■ **TASK REQUIREMENTS**: Transcribe the lines below exactly. No image belongs in the transcription.

DATA section start

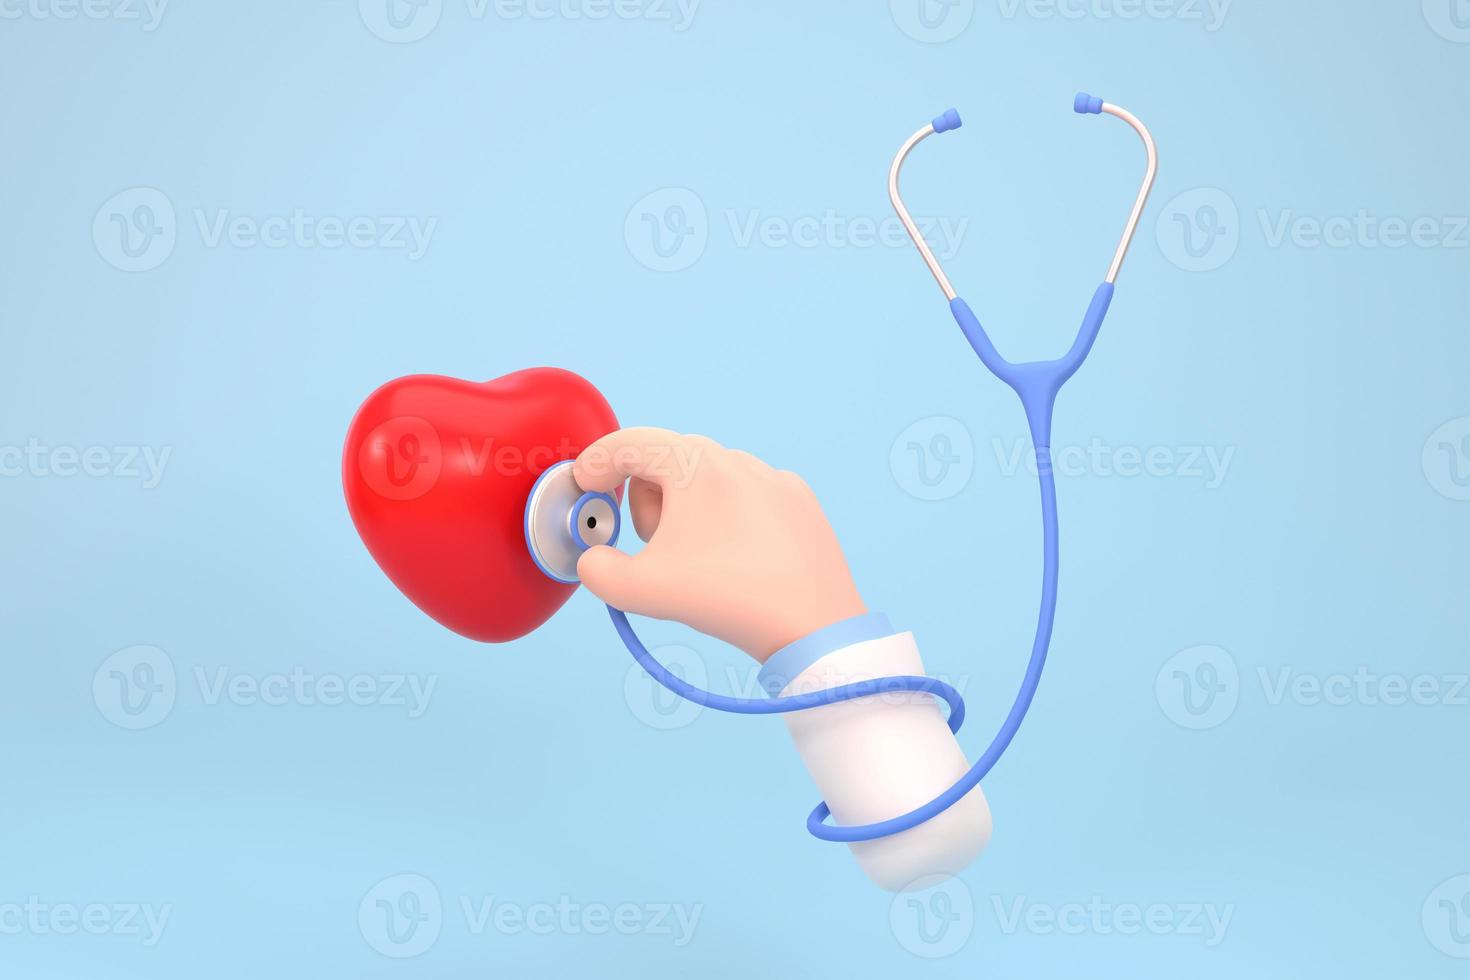 karikaturhandarzt, der ein stethoskop hält. medizinisches gesundheitskonzept. foto
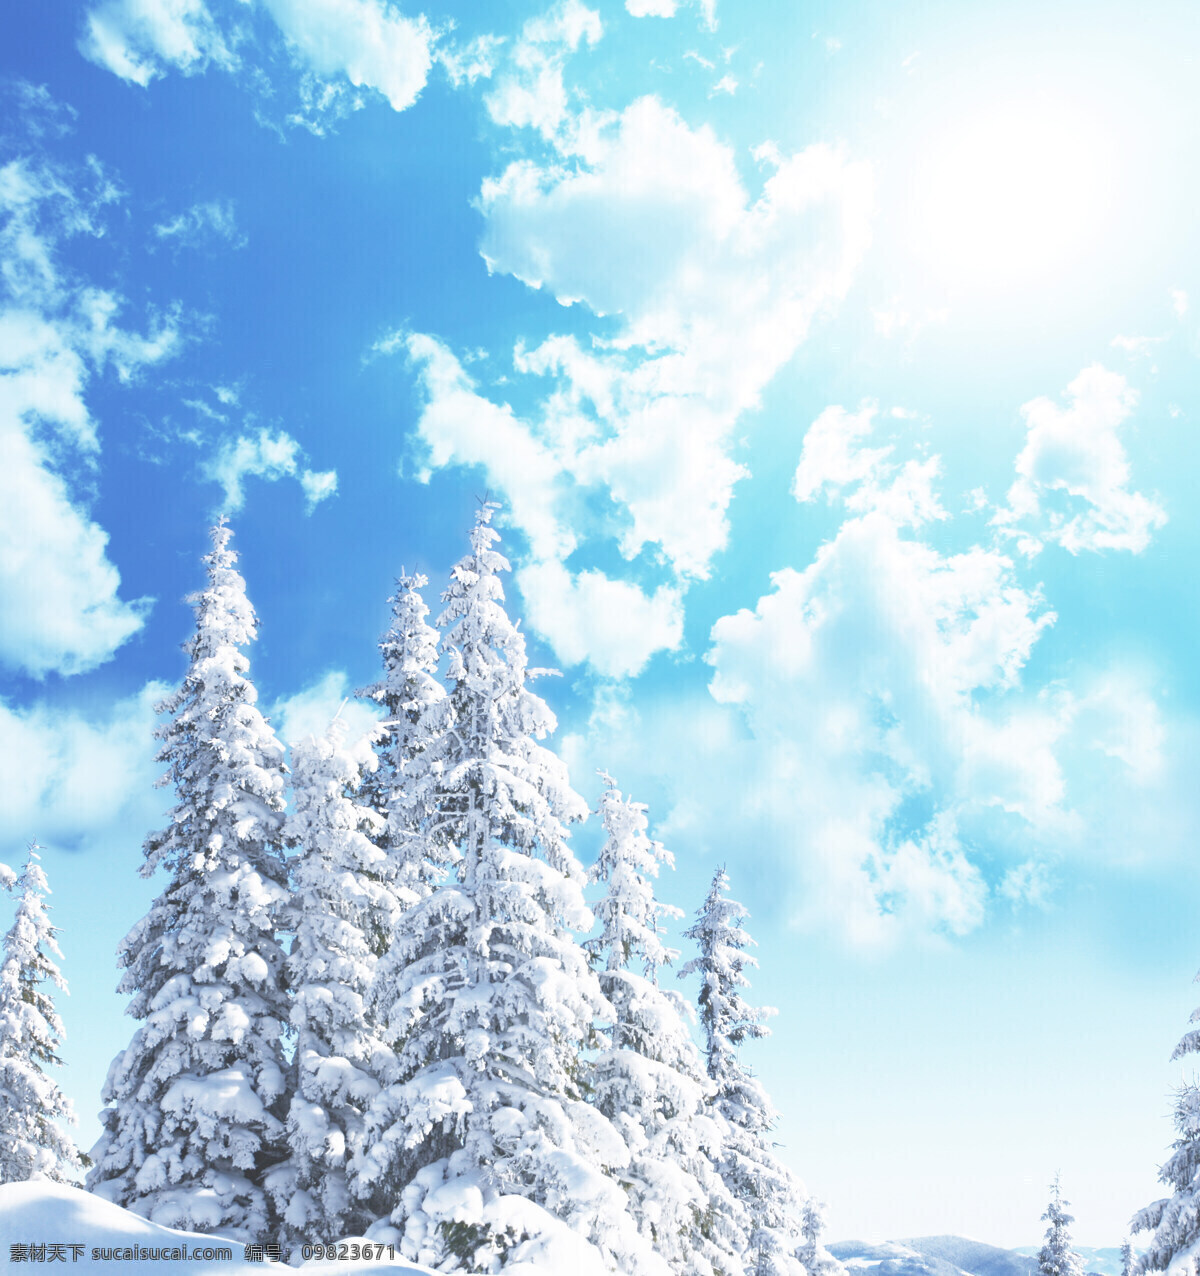 蓝天白云雪松 蓝天 白云 雪松 雪天 下雪 白色树 冠白 雪白 雪 松树 冬天 风景 摄影图片 自然风光 自然景观 自然风景
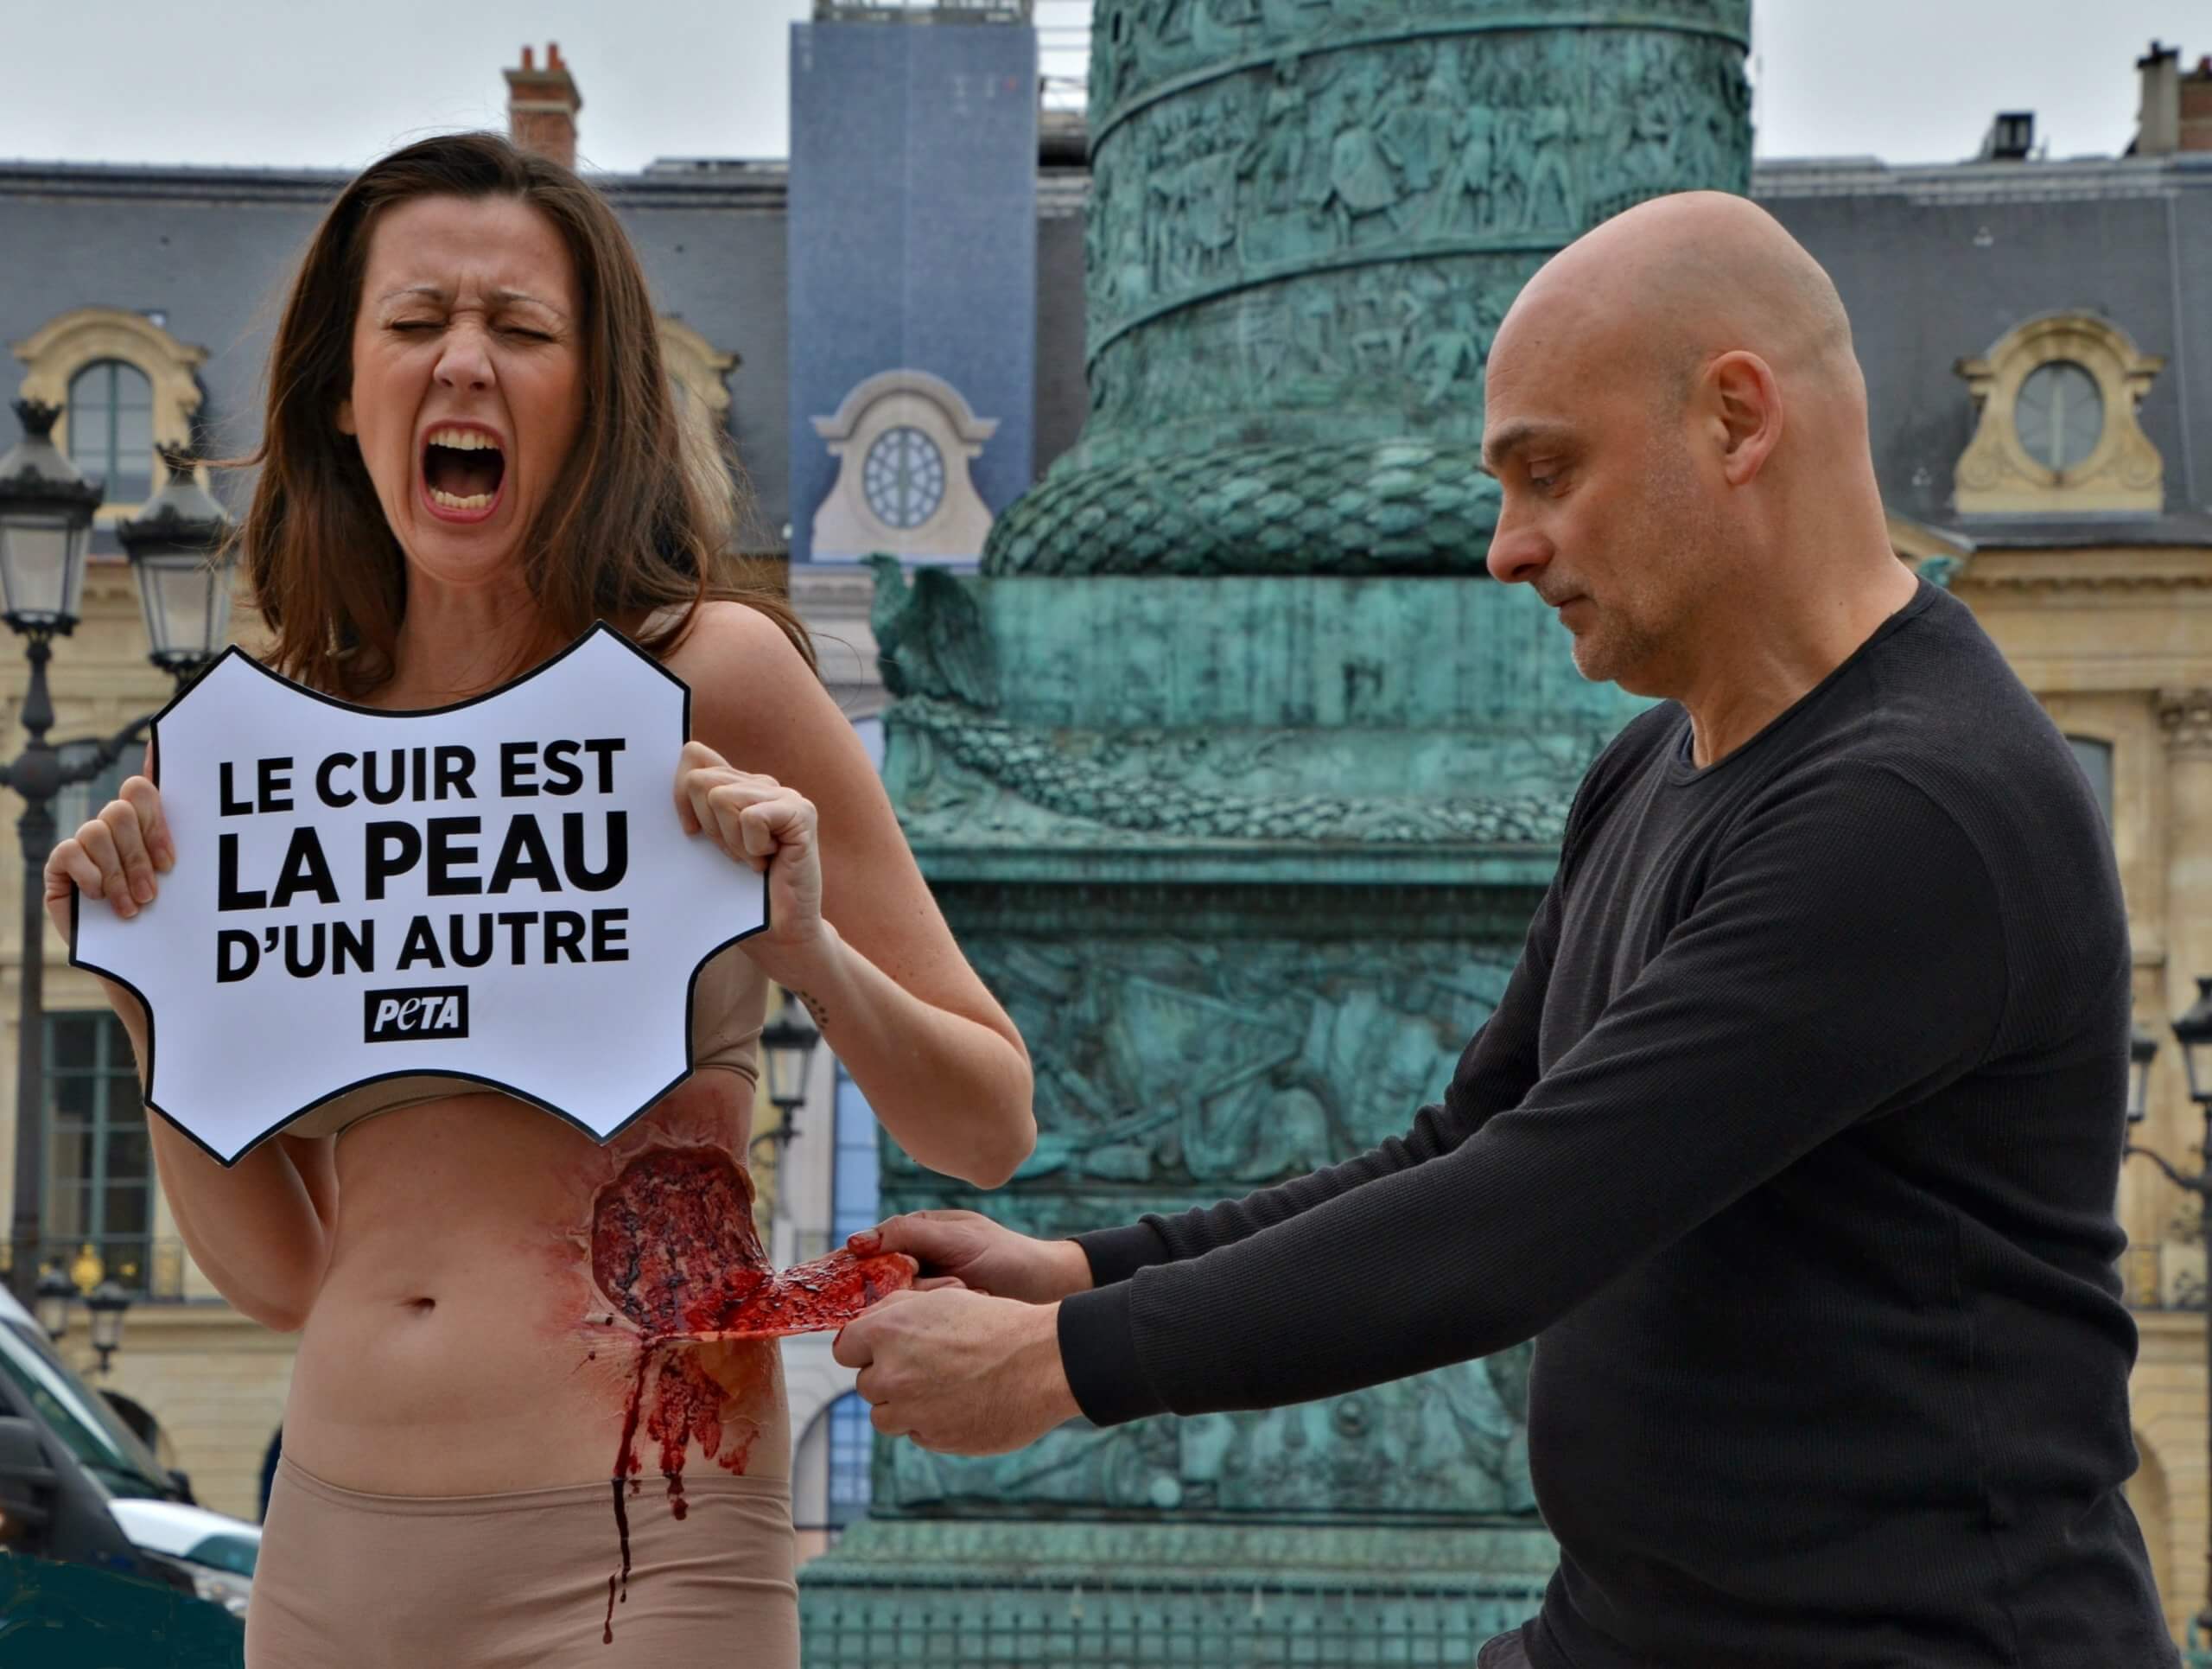 Une femme se fait « écorcher vive » pour protester contre l’utilisation du cuir

DATA section end

■ **WRITTEN REPLY**:
 karikaturhandarzt, der ein stethoskop hält. medizinisches gesundheitskonzept. foto
 蓝天白云雪松 蓝天 白云 雪松 雪天 下雪 白色树 冠白 雪白 雪 松树 冬天 风景 摄影图片 自然风光 自然景观 自然风景
 Une femme se fait « écorcher vive » pour protester contre l’utilisation du cuir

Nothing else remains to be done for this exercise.